LIME stands for Local Interpretable Model-agnostic Explanations. It tries to explain individual predictions of a black box model by training a local surrogate model that is easier to understand (e.g. a linear model). The intuition behind this approach is that a globally nonlinear model might actually be linear within a small local region of the feature space. In order to learn this kind of local surrogate model, LIME creates a dataset of perturbed rows for a single row of interest, predicts it with the black box model and then learns a local surrogate, which approximates the predictions of the black box model. For more details on the algorithm please see the paper "Why Should I Trust You?" Explaining the Predictions of Any Classifier by Ribeiro et al.
Usage
The top input of this node contains the rows of interest for which the predictions of your model should be explained. Each row in the top table corresponds to one loop iteration, so its size will directly affect the runtime of the loop. The bottom input table is used for sampling, which, in this case, means that column statistics are calculated for all of the feature columns. These statistics are later used to sample new values for the feature columns.

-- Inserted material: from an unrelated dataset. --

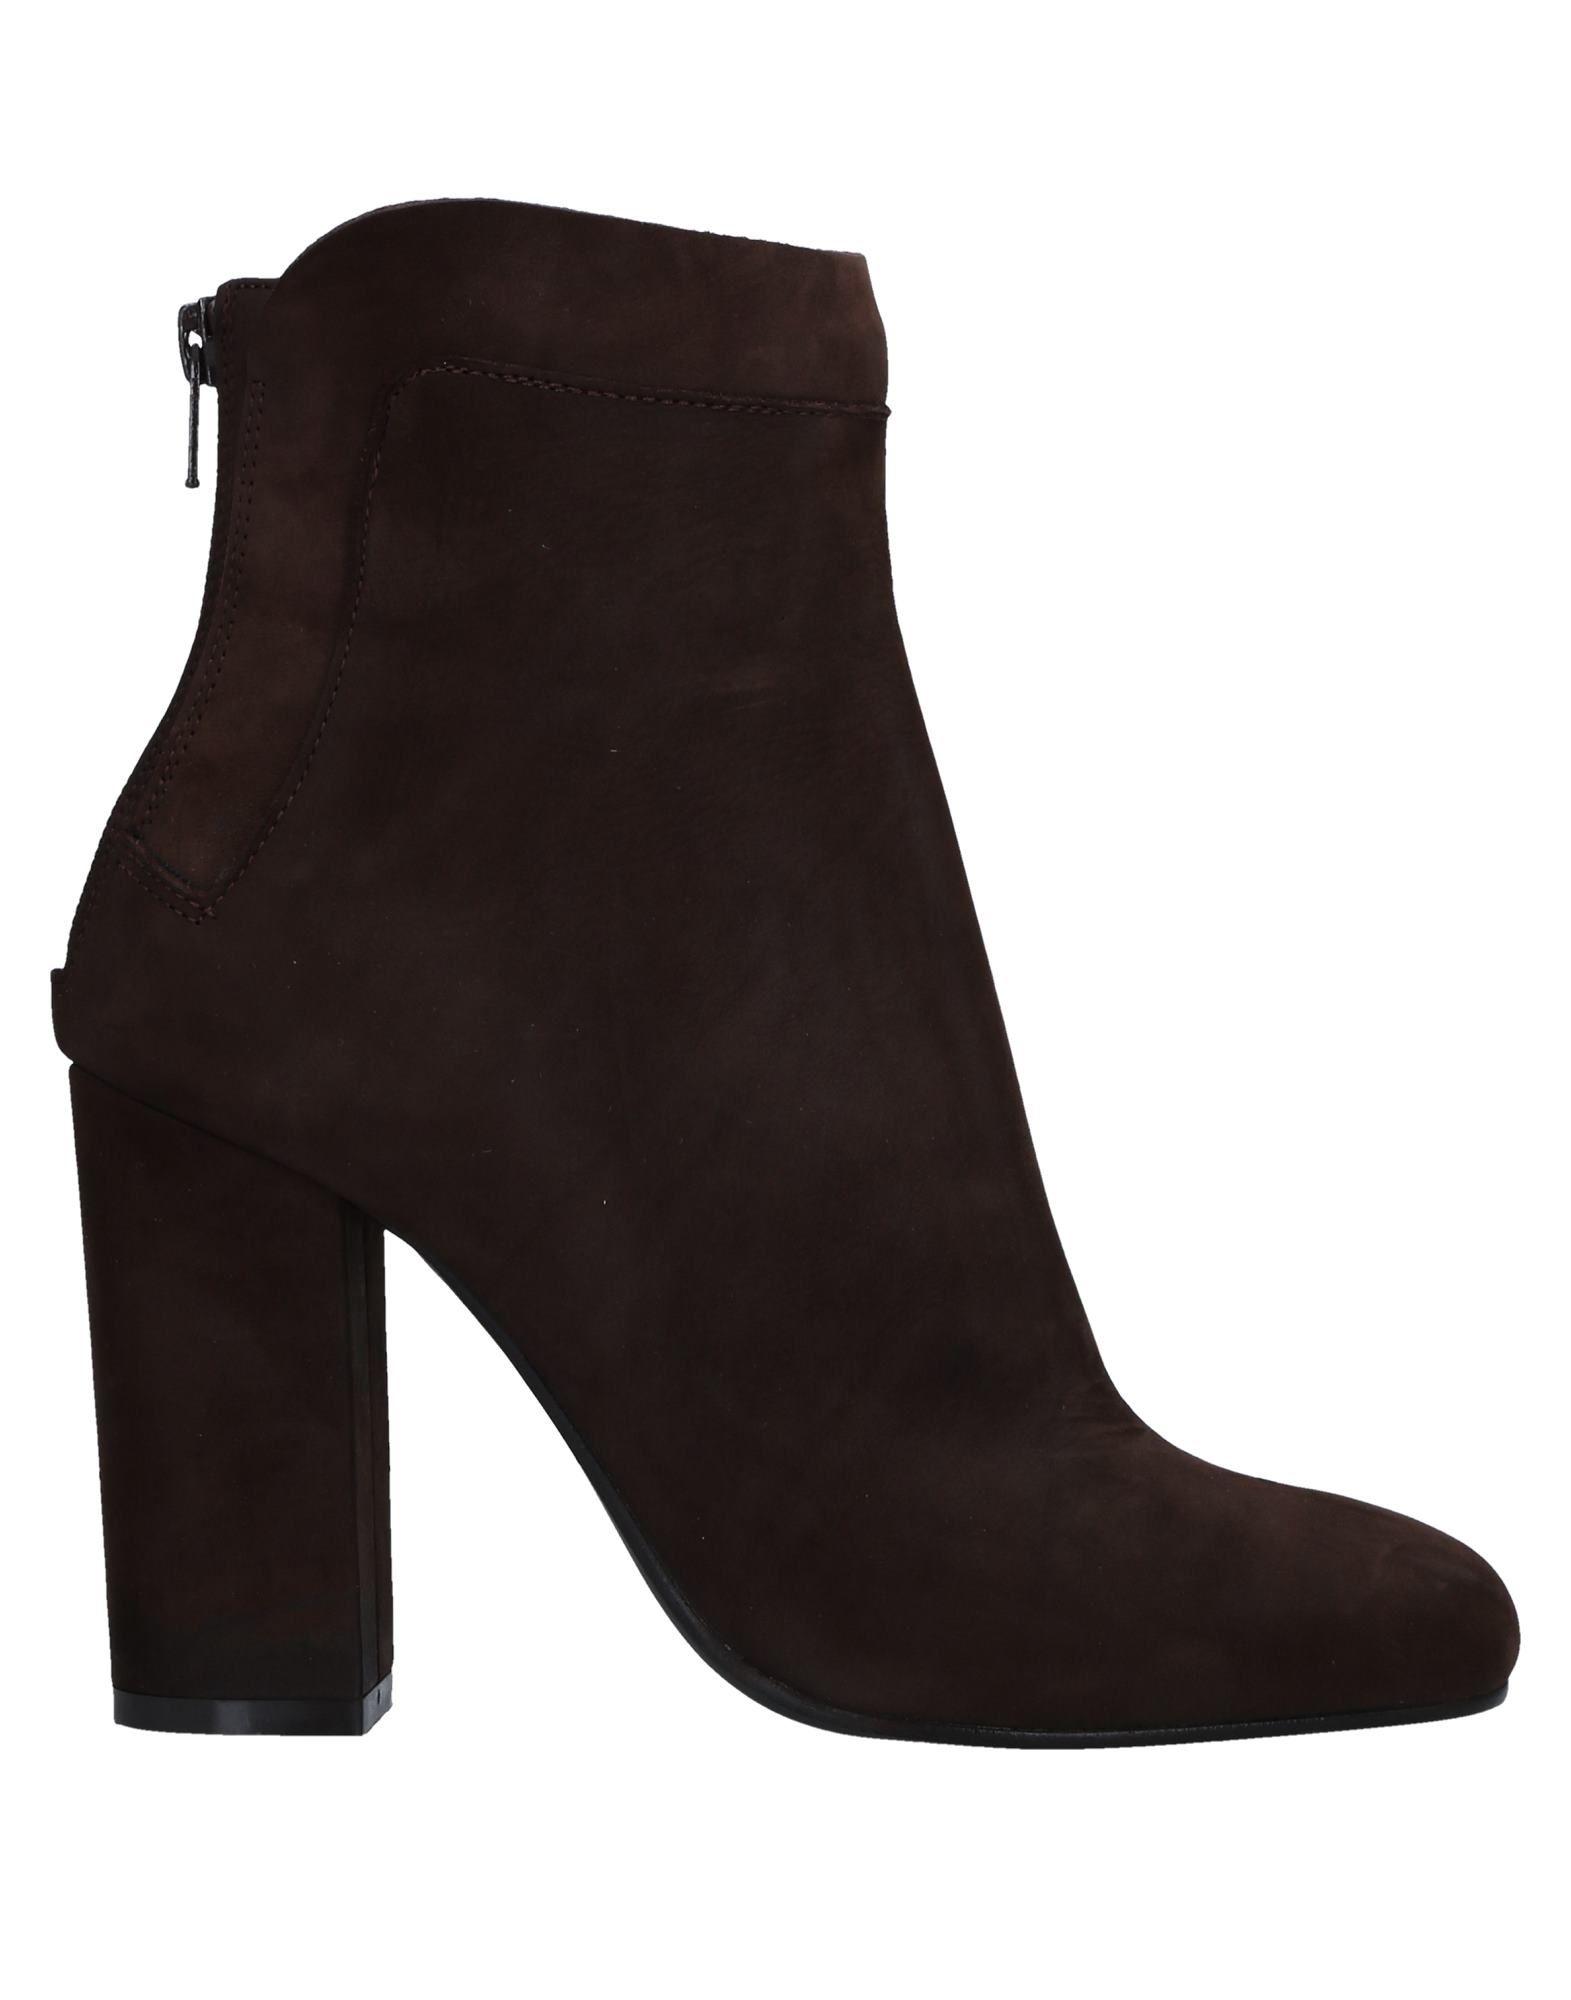 FIORIFRANCESI Ankle Boot in Dark Brown
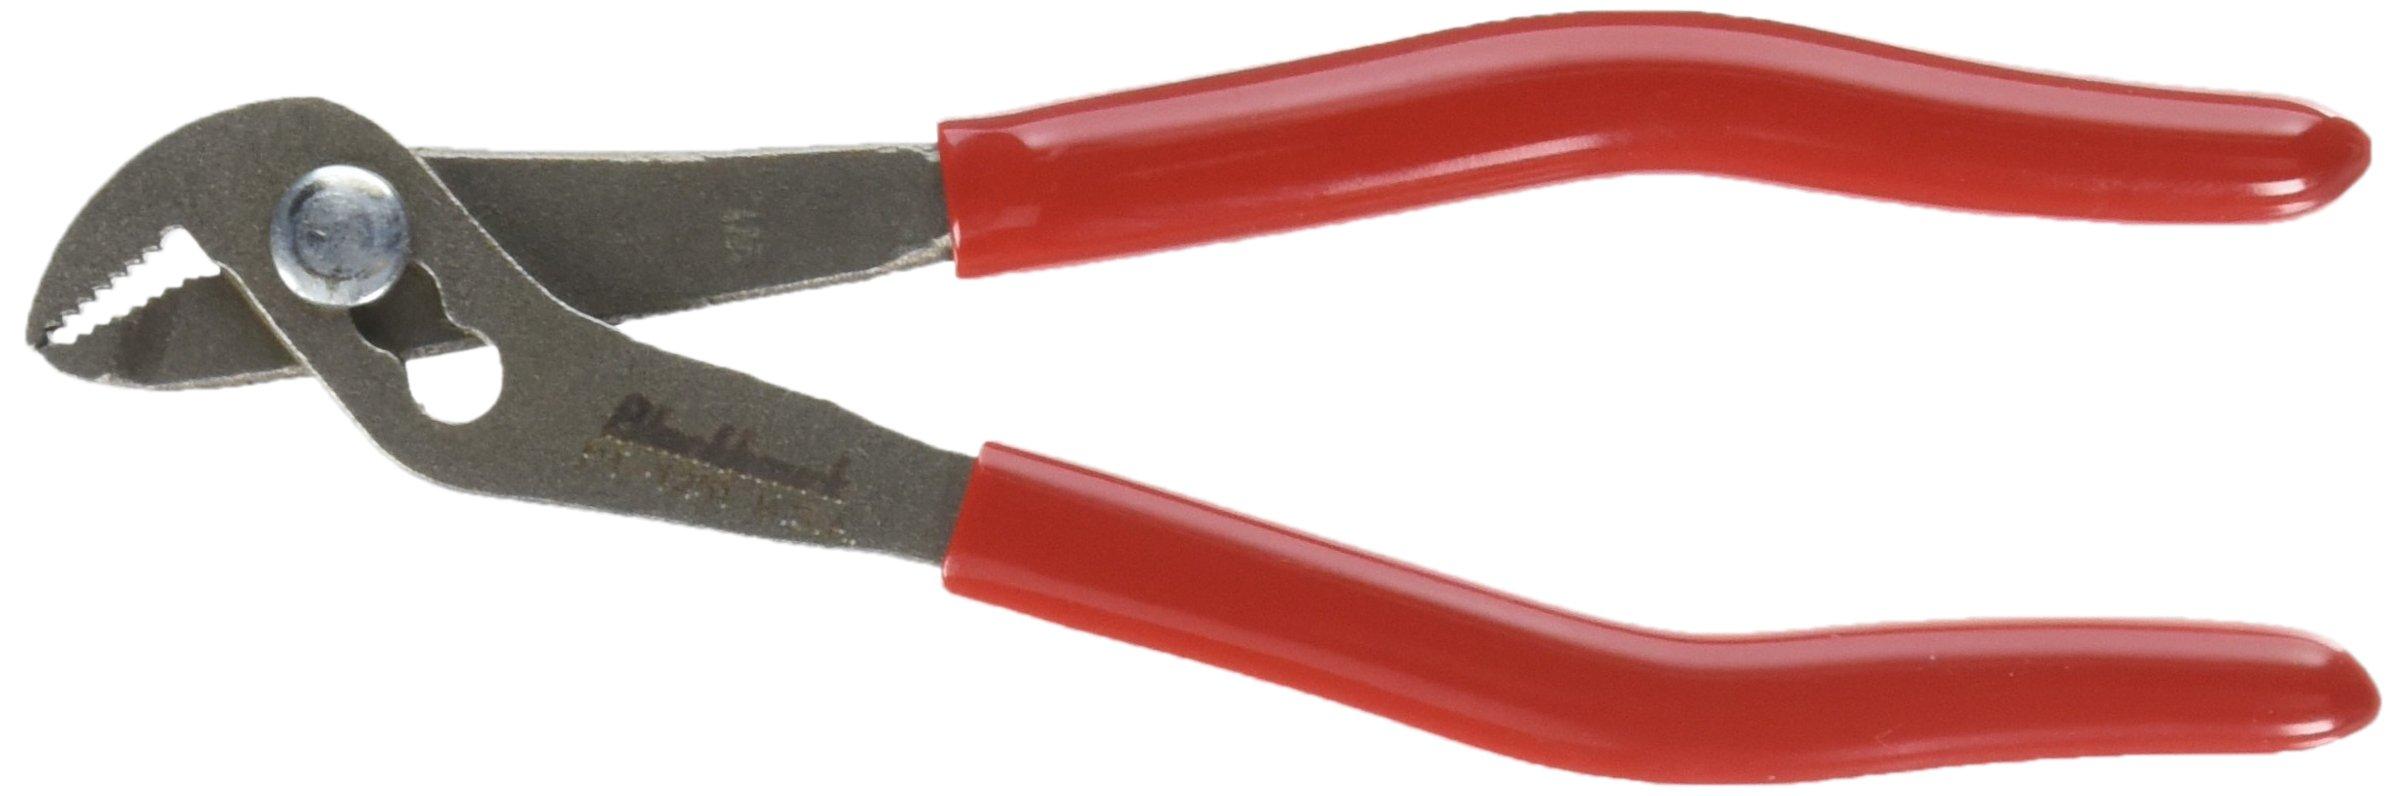 Blackhawk By Proto PT-1251 Ignition Plier, 5-Inch by Blackhawk By Proto

In each iteration of the loop one row of interest is explained. This node produces two tables used for these explanations. The top table contains rows, which are created by sampling according to the statistics of the feature columns in the sampling table. Note that numeric columns (including bit and byte vectors) are assumed to be distributed normally. This table has to be predicted with the Predictor node appropriate to your model at hand. The bottom table is intended for training a local surrogate model (e.g. a linear model). It differs from the top table as follows:
- Nominal feature columns are replaced by Double columns where a 1.0 indicates that the sampled value matches that of the row of interest.
- Bit and byte vector columns are split up into multiple columns, one for each element.
- A weight column is appended, which indicates how similar the sampled row is to the row of interest. A higher value indicates greater similarity.
- Predict the top table with the black box model (predictions must be numerical i.e. in case of a classification model the class probabilities).
- Append the prediction column(s) to the bottom table.
- Train a local surrogate model that uses the features from the bottom table, weights each row according to the weight column, and approximates the predictions of the black box model. The currently recommended Learner for this task is the H2O Generalized Linear Model Learner (Regression).
- Extract and collect the local explanations from the local surrogate model (e.g. the linear coefficients) in one of our Loop End nodes.
Note on vector columns
Since the number of elements in a vector column is not known during configuration, the spec for the second table can't be generated if vectors are among the feature columns. In this case downstream nodes can only be configured once this node has been executed.